At another time I actually felt guilty for him.

My friend Khaled, the Bloomberg bureau chief, had called on me at the hotel and Jawwad had probably assumed that we were settling in for a long evening. Instead, Khaled took me out to a Chinese restaurent. Hours later, when Khaled and I strolled back to my hotel late in the night he was outside by a tree, his motorbike parked.

I felt awful.

"Hello, I thought you had left," I called out to him, genuinely concerned about his long day.

"Doesn't matter," he responded confidently, "Don't I look as fresh as ever?"

Only once did we really chat. Khaled, another senior Pakistani journalist, a PPP legislator from Sindh province and an academic who teaches at the university in Islamabad got together with me at Islamabad's Afghan Hotel. The dinner went late as we feasted on kebabs and naans, finishing the meal with a Pepsi drink.

This time, Jawwad stopped me as I was entering my lodgings and clearly wanted to chat. He recognised two of the men with me, he said, but would I pray tell him who the other two were?

Maybe it was his way of checking if I would be honest with him. I didn't owe him a reply, but I paused. What if he got into trouble with his bosses if his own report to them was seen as incomplete? I shrugged, then told him their identities. They were all men in public life, anyway and well-known in their fields.

In turn, I questioned him. He gave his name as Jawwad, and his home town was Bahawalpur. And he listed out for me all the interesting personalities he had tailed in his career, including some very reputed journalists.

Jawwad said he had two children and he had been in this job for about seven years. He looked very human; a family man doing his bit to put bread on the table.

As I turned to go, I looked him in the eye and told him I wouldn't be going out again that night.

ISI agents have to spend hours outside the Marriott sometimes, when their mark is in the place. The Marriott used to be the favourite meeting place in Islamabad for foreigners, rich locals, diplomats and foreign correspondents.

Agents who follow their man to the hotel park their bikes outside and wait for him to re-emerge. Often, they stroll through the hotel lobby or coffee shop to ensure he is still there.

Once, I decided to have coffee outside the bakery there. Having finished my coffee I went to the toilet. Because I was out of sight for a quarter of an hour a mild panic must have hit Jawwad because he suddenly burst into the toilet, his face lighting up with relief to see me standing there.

For the first few days all this is fun, then it becomes an irritation and a massive intrusion. It plays on your mind and if you aren't strong, wears you down.

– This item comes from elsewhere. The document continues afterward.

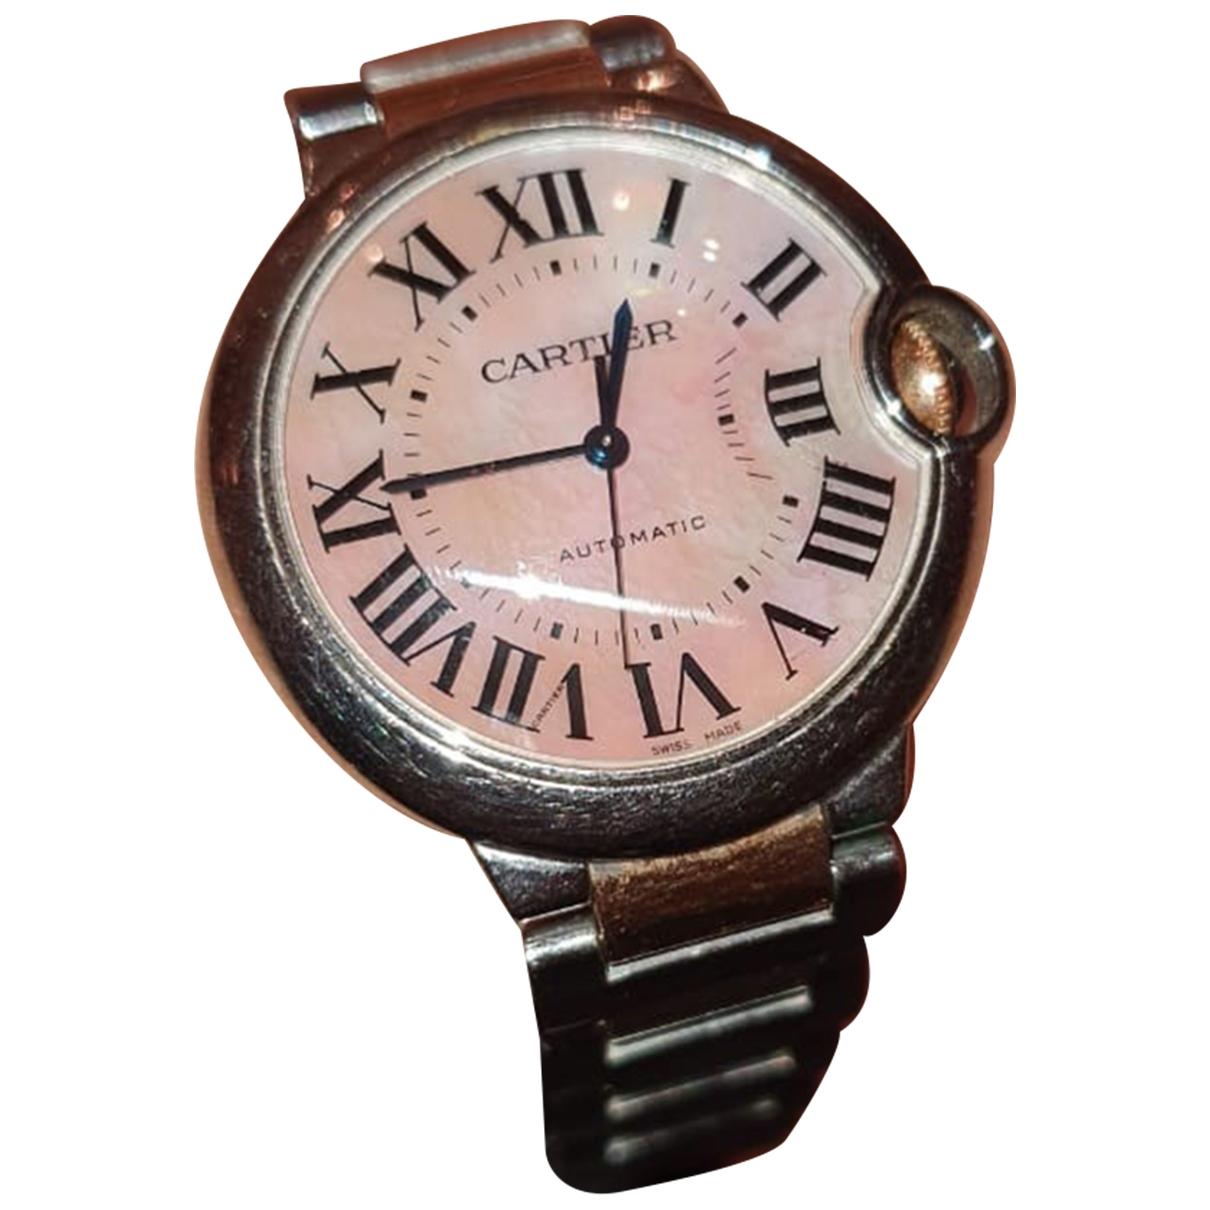 Reloj Ballon bleu Cartier

I worry about Jawwad not because I wish to see him again but because I wish him no harm. He probably has elderly parents back at his ancestral home in Bahawalpur and two kids and a wife waiting at his government flat in Islamabad. He looked tough to me, but when he goes home he probably is a kind husband and a doting father.

After all, we all need to put on faces to meet the faces that we meet.